Cultural Sociology
- Discipline: Sociology
- Language: English
- Edited by: Marcus Morgan and Christopher Thorpe

Publication details
- History: 2007-present
- Publisher: SAGE Publications
- Frequency: Quarterly
- Open access: Hybrid
- Impact factor: 1.792 (2019)

Standard abbreviations
- ISO 4: Cult. Sociol.

Indexing
- ISSN: 1749-9755 (print) 1749-9763 (web)
- LCCN: 2007212175
- OCLC no.: 73689458

Links
- Journal homepage; Current Issue; All Issues;

= Cultural Sociology (journal) =

Cultural Sociology is a peer-reviewed academic journal published jointly by the British Sociological Association and SAGE Publications.
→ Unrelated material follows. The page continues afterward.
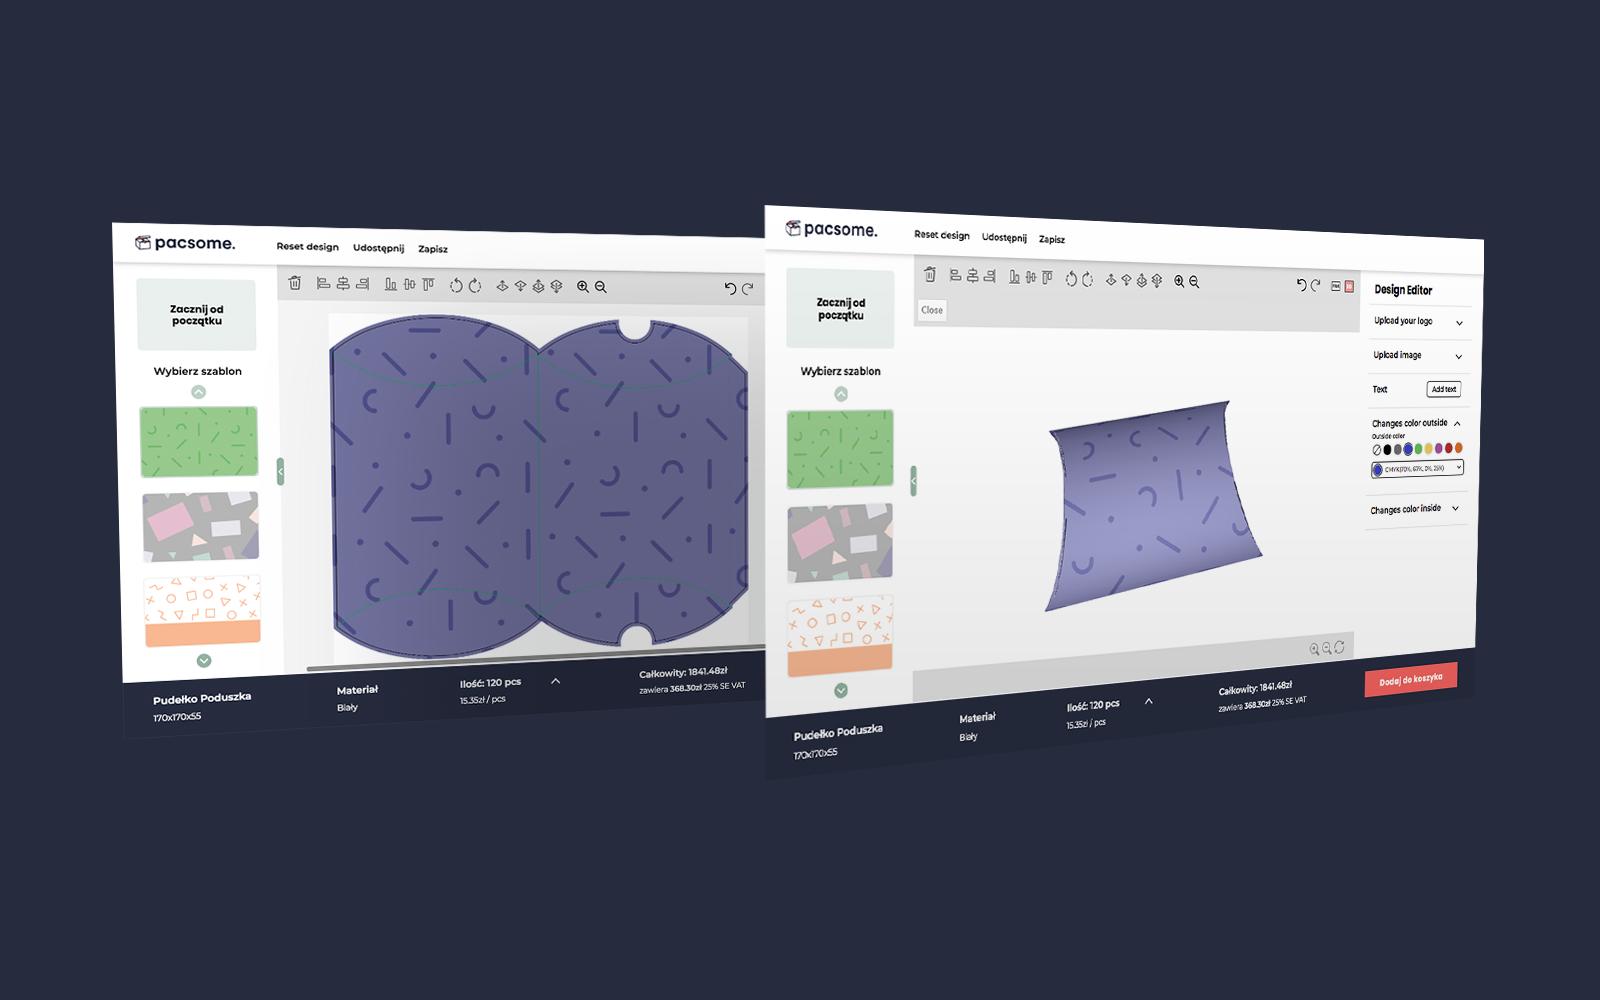 projekt produktu w wersji płaskiej oraz 3D

The journal includes sociological analysis of culture from a range of theoretical and methodological positions, and from a variety of national contexts. Cultural Sociology publishes sociologically informed work concerned with cultural processes and artifacts, broadly defined.

Although focused on sociological contributions to cultural analysis, articles include dialogue between sociology and other cognate fields such as cultural studies, gender studies, postcolonial studies, art history, history, literary and film studies, and human geography.

== Abstracting and indexing ==
Cultural Sociology is abstracted and indexed in the Social Sciences Citation Index. According to the Journal Citation Reports, the journal has a 2019 impact factor of 1.792, ranking it 84 out of 149 journals in the category "Sociology".